# Frage zum Kopierkonstruktor von C++



## psgamer (15. Oktober 2011)

Hi@all
Falls jemand mit c++ kentnissen mir hiermit weiterhelfen könnte wäre ich sehr dankbar.

Was wird denn bei nachfolgendem Code an den Kopierkonstruktor übergeben? Eine Referenz vom Objekt, das kopiert wird? Warum steht denn das "&" nicht direkt ohne leerzeichen vor dem "k"? Meines Wissens nach muss das & immer direkt hinter der Variable/dem Objekt stehn damit es als Referenz interpretiert wird. Was ist hier anders? In meinem C++ Buch wird nirgends weiter darauf eingegangen... 

class klasse
{
klasse(klasse& k)    //Kopierkonstruktor
         {...Daten sichern etc...}
}


----------



## bingo88 (15. Oktober 2011)

Es ist egal, ob du Klasse& k, Klasse & k oder Klasse &k schreibst. Es wird jeweils eine Referenz erwartet. Es ist also nur wichtig, dass das &-Zeichen zwischen Typ und Name der Variablen steht.


----------



## psgamer (16. Oktober 2011)

Achso!
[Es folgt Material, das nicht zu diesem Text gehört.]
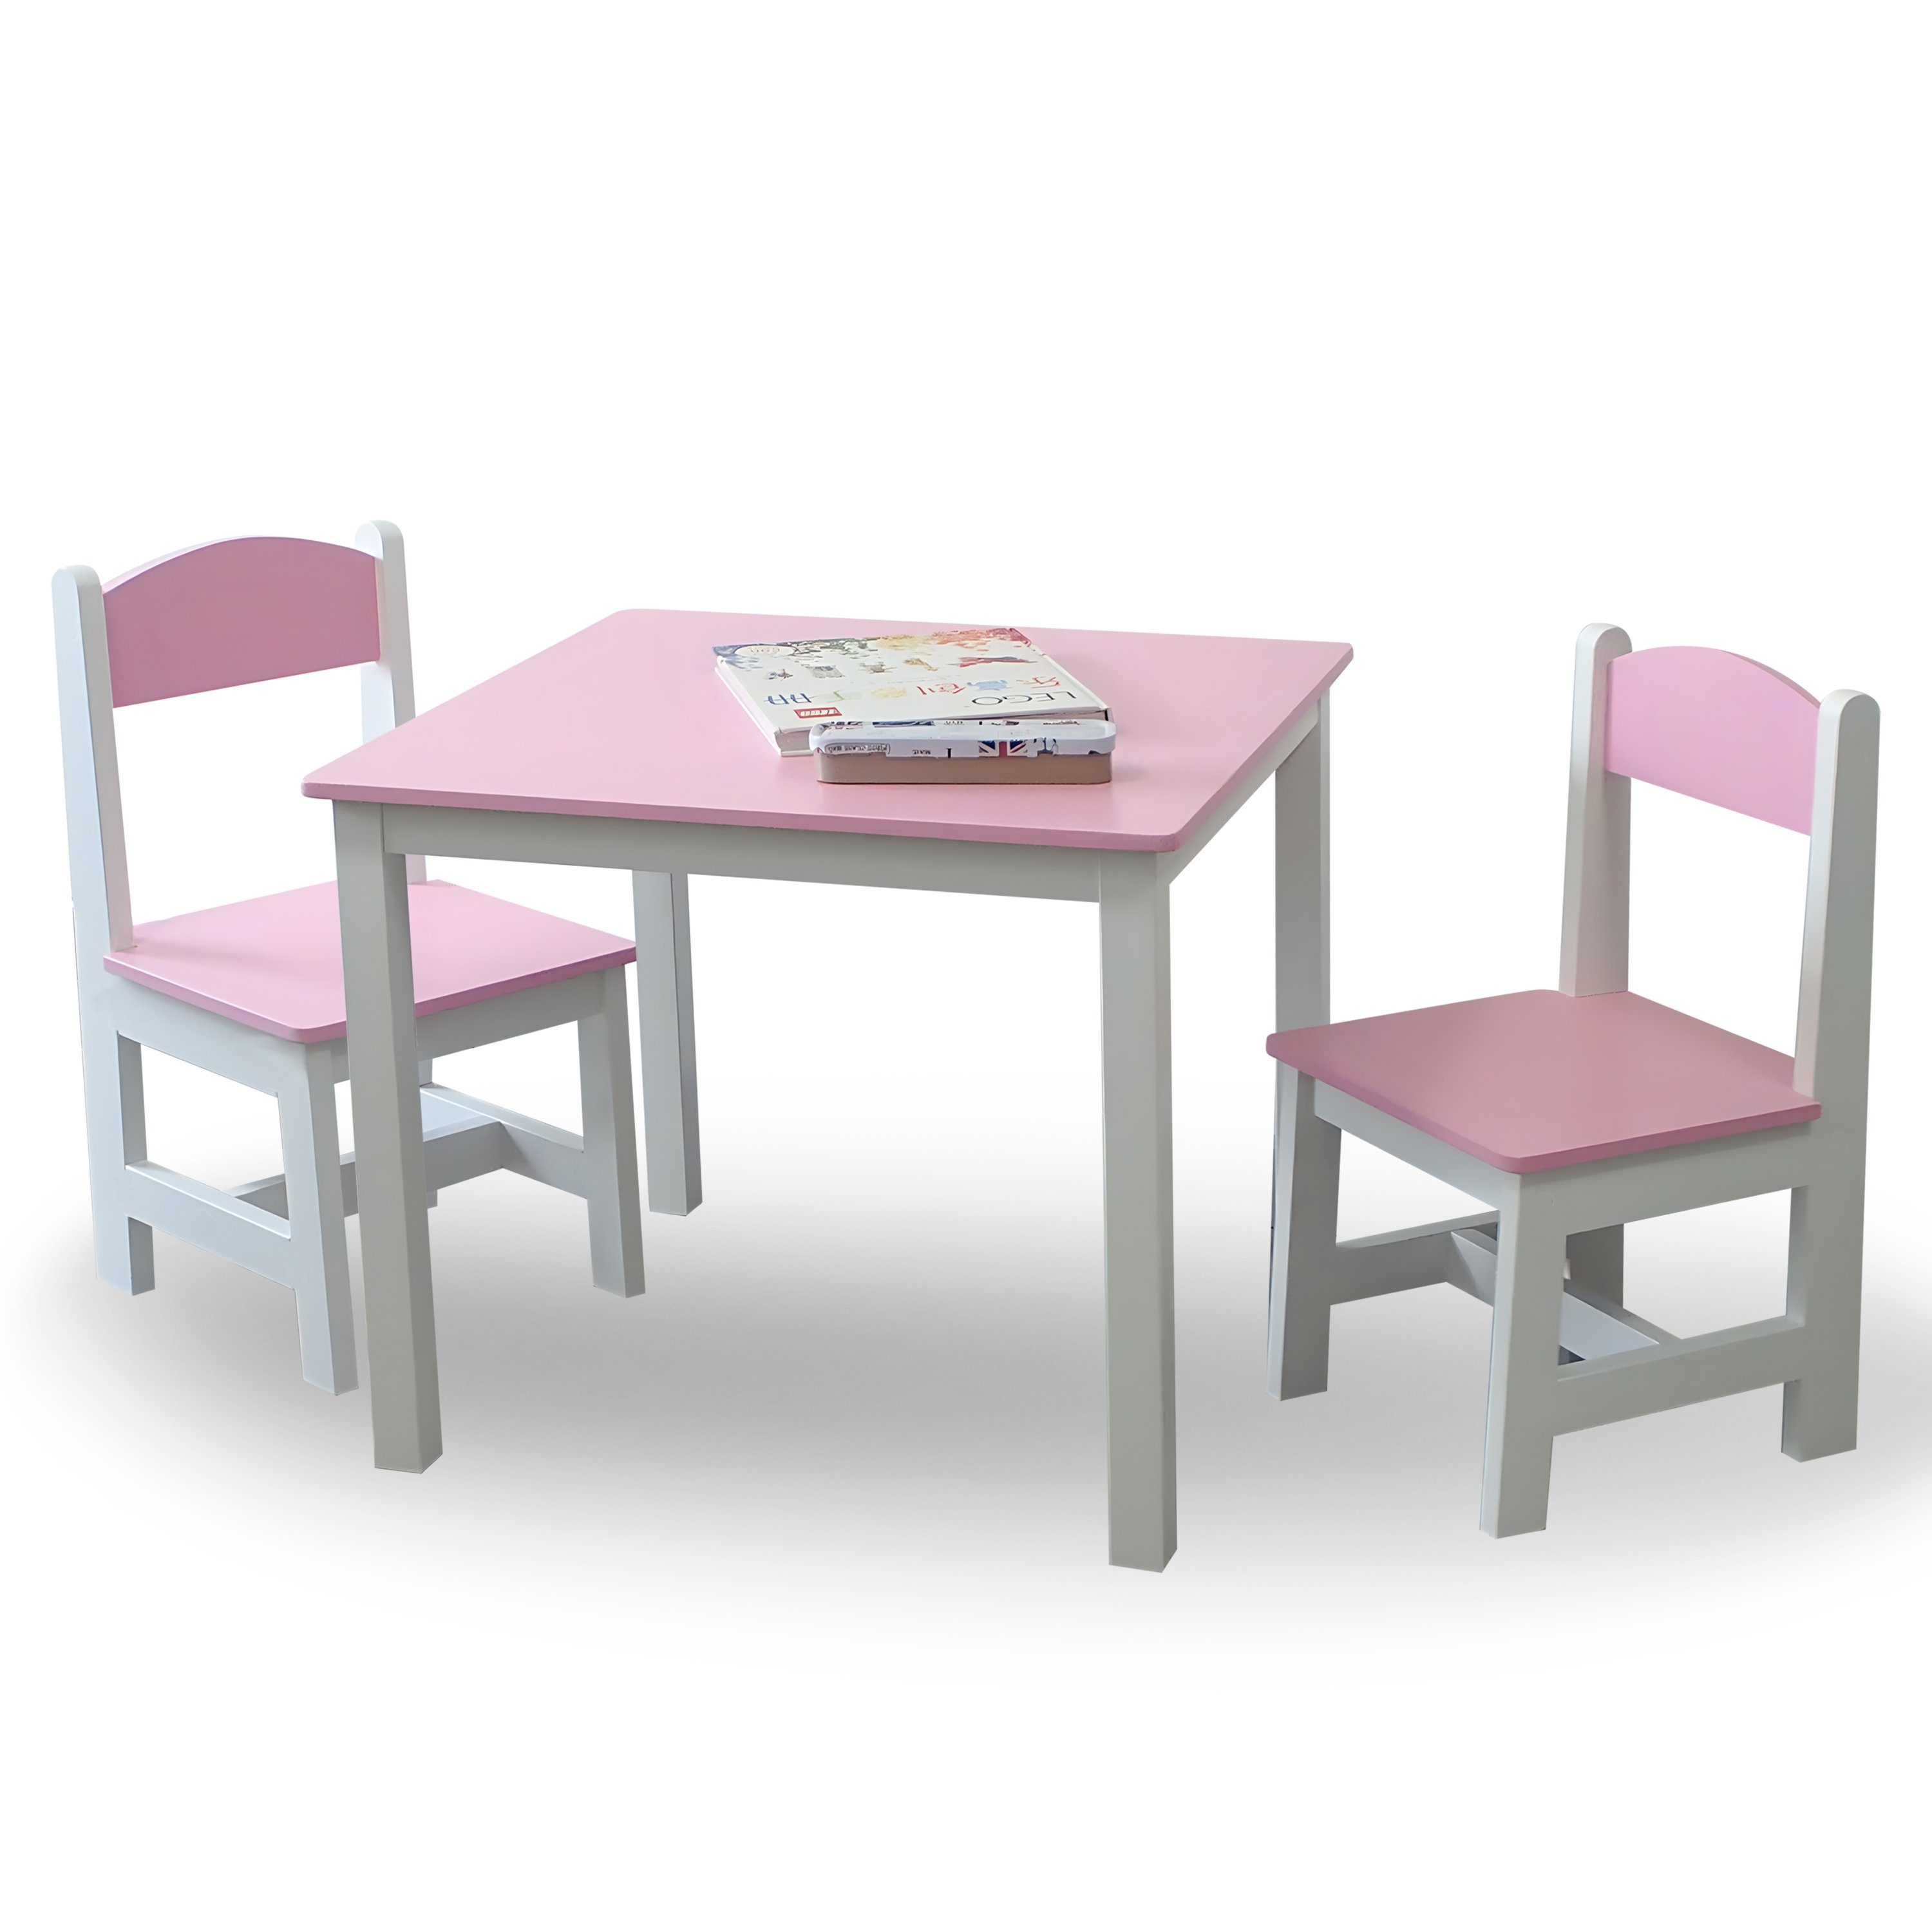 Rosa+Weiß Maltisch Kindermöbelset habeig Hocker 2 Kindertisch Stühle Kindersitzgruppe & 60x50x50cm

Deine Antwort hat gerade viele Fragezeichen in meinem Kopf beseitigt. Vielen Dank


----------



## Exinferis (16. Oktober 2011)

Wo Du das Zeichen, egal ob Pointer oder Referenz setzt ist schlicht Programmierstil damit man die Dinge nicht verwechselt.
Vielleicht hilft Dir folgendes

klasse& k --> für die Referenz eines Objekts vom Typ Klasse
&k --> um die Adresse des Objekts k zu ermitteln

Das gleiche entsprechend bei Pointern. So kannst Du bei späterem lesen des Codes nichts verwechseln, wenn Du das so beibehältst.


----------